TransForm's map is currently the only detailed, user friendly information available on the benefits produced by California's Greenhouse Gas Reduction Fund investments. It launched last summer, and has been updated as agencies provide data. TransForm made it easier to search for projects in specific geographic areas, including districts and counties. They also simplified the tool to make it more intuitive and easy to follow.

The California Air Resources Board (ARB) does not have a similar tracking tool, at least not yet. On the ARB website, you can find maps of emissions in the state, but the agency has not yet developed a central data point for the programs funded by cap-and-trade. At least twelve agencies administer programs that receive cap-and-trade funding—although with allocations still undecided, that number may change—which makes collecting and publishing data a challenge. Each program has its own reporting requirements, and each agency its own process for reporting.

There still is no simple answer to the question that grandstanding legislators have been eager to ask, namely, “how much greenhouse gas emission reduction are we getting per dollar spent?” TransForm hopes to be able to provide a searchable database in the future that will include estimates of emission reductions for all the individual projects mapped. For now, users click through to individual projects to get that data.

In addition, TransForm depends on state agencies to provide information, and sometimes it is not so simple to get it.

For example, the Clean Vehicle Rebate Program (CVRP) gives rebates to people who replace polluting cars with electric vehicles. “The program has multiple sources of funding,” said Ryan Wiggins, TransForm's Climate Policy Manager, “not just the Greenhouse Gas Reduction Fund. We've been asking them to separate out funding information, so we can identify, for example, how much of each rebate per vehicle is from the GGRF, and whether that money benefits a disadvantaged community or not.”

The CVRP also gives money directly to individuals, and the agency is understandably reluctant to release data that can inadvertently include private information. Therefore that data needs will need to be mapped in a way that does not reveal information about individuals.

For now, TransForm's map is the go-to place if you have questions about what the cap-and-trade revenue is invested in. The Air Resources Board's annual GGRF investments report is due soon (here is a PDF of last year's report), but even that will not have as much project-specific data as TransForm's map.

Here are the 21 Affordable Housing and Sustainable Communities projects that got cap-and-trade funding, with links to individual projects.
Here are the 21 Affordable Housing and Sustainable Communities projects that were awarded cap-and-trade funding, highlighting a development in Stockton.
Here are the 21 Affordable Housing and Sustainable Communities projects that got cap-and-trade funding, with links to individual projects.

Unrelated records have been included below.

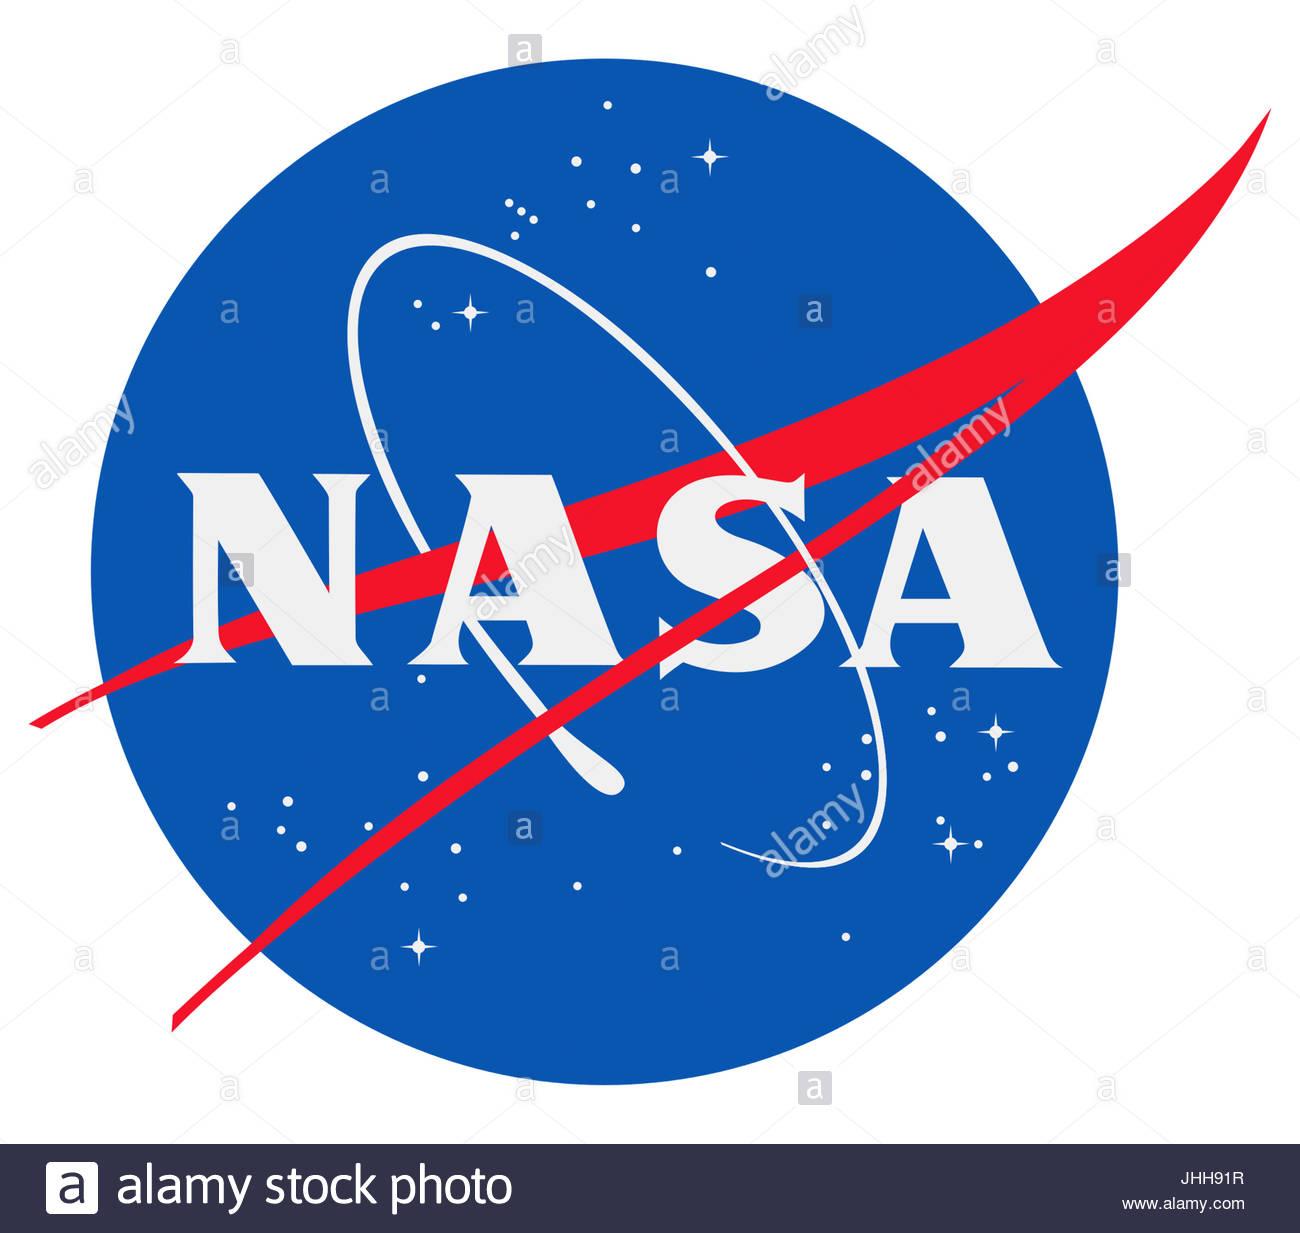 NASA logo icon - Stock Image
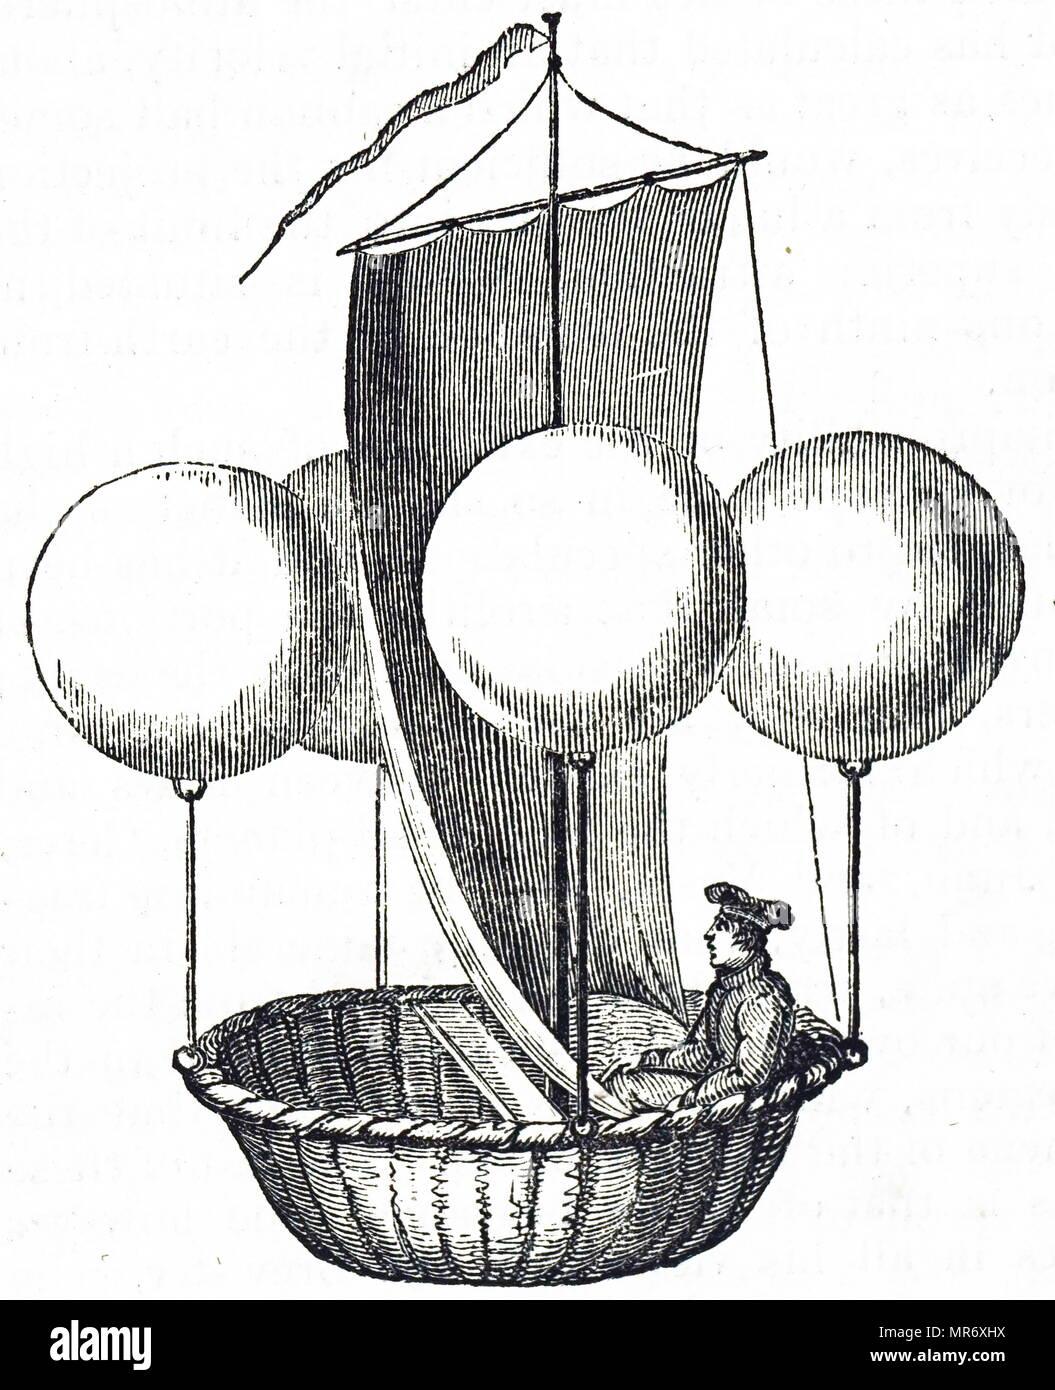 Gravure représentant Francesco de Lana Terzi's Flying Boat concept. Francesco de Lana Terzi (1631-1687) un prêtre jésuite, mathématicien et naturaliste, pionnier de l'aéronautique. En date du 19e siècle Photo Stock
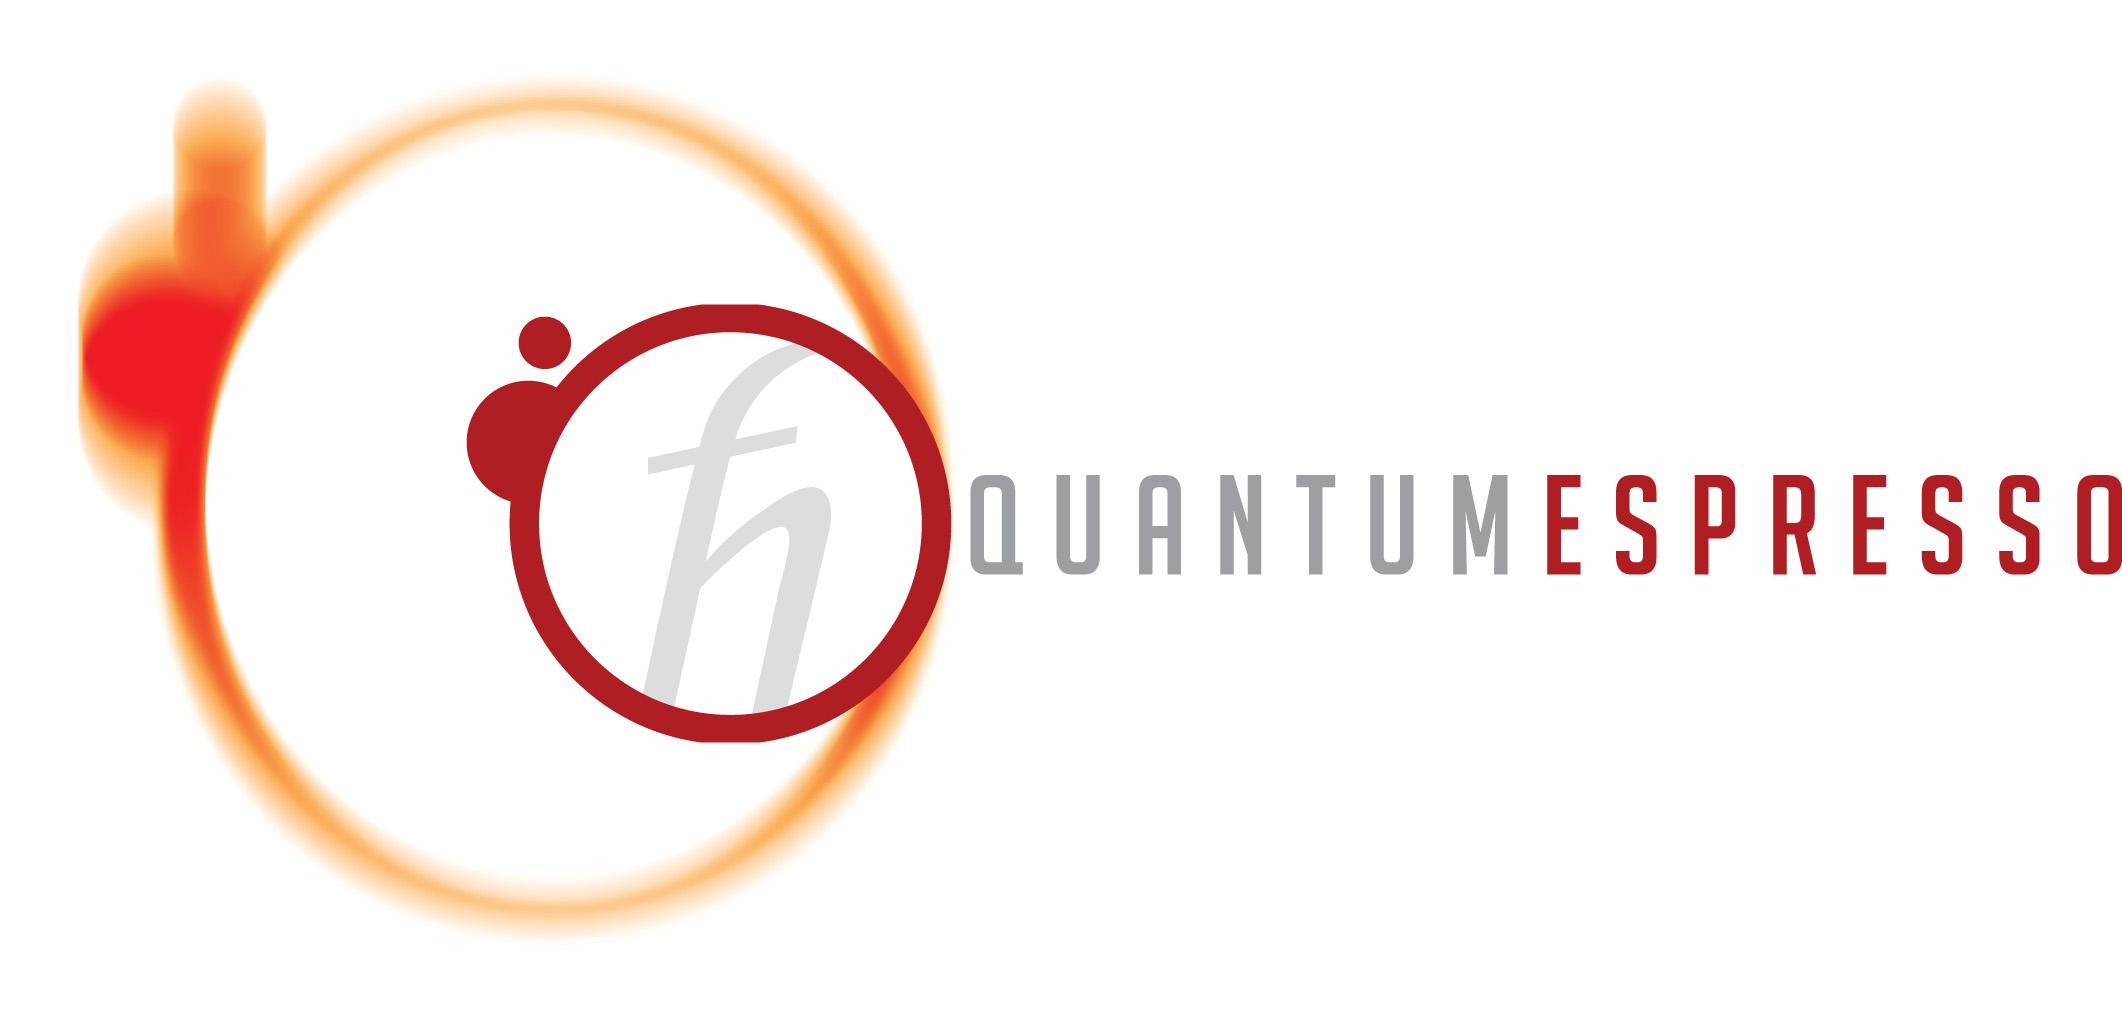 Quantum_espresso_logo
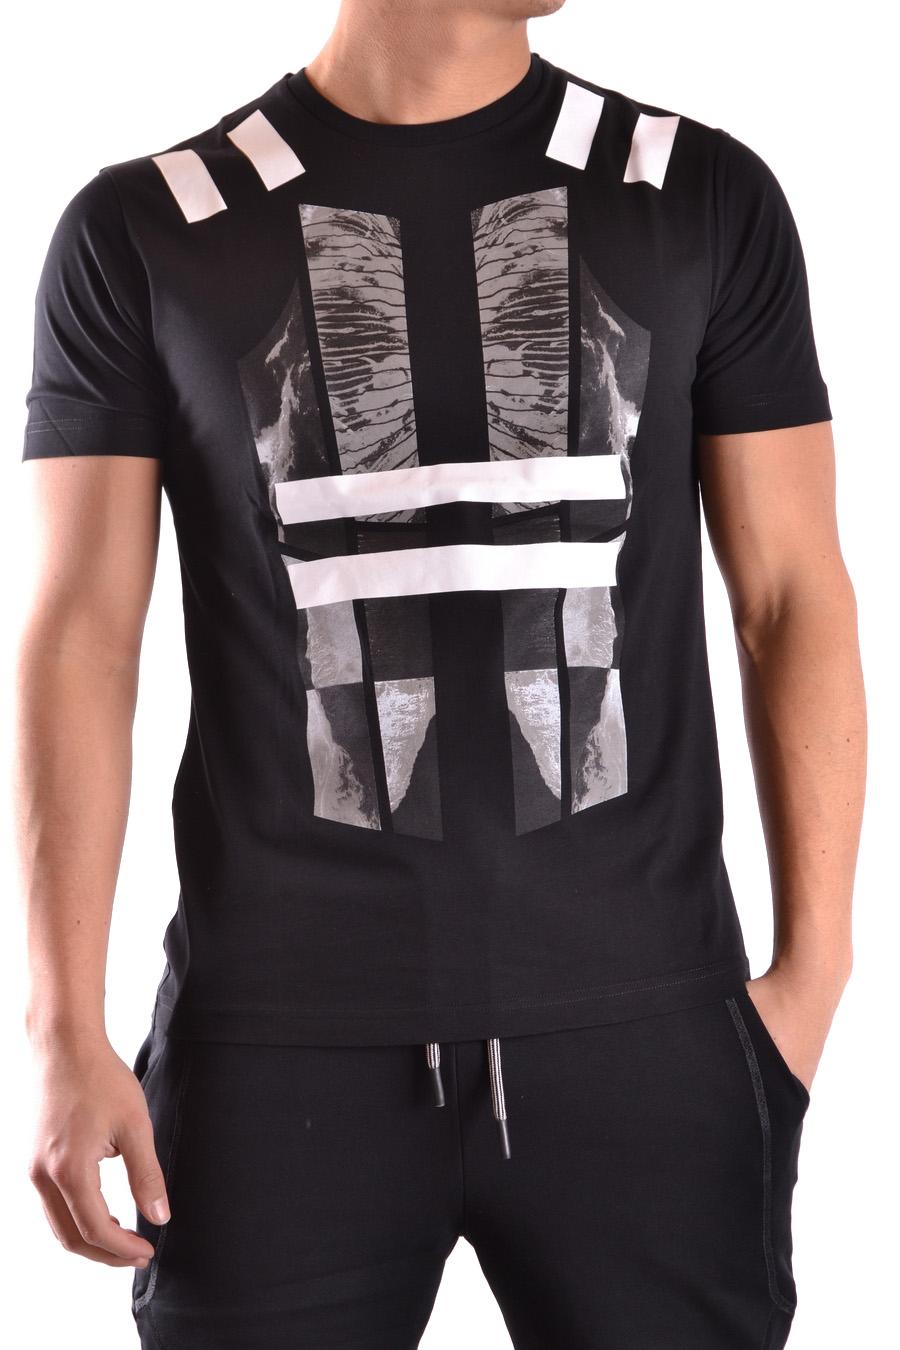 Les Hommes Urban T-shirt GugsVPXklN

TransForm is also working with the Greenlining Institute to collect stories about projects funded by the GGRF. Greenlining has been posting stories of Californians benefiting from climate policies for a year or so, and now the two organizations together have produced a short video about how the Affordable Housing and Sustainable Communities program will make it possible for families to live near jobs and transit. The video features an interview with Christopher Cabaldon, mayor of West Sacramento, where affordable housing is being build near the state capitol.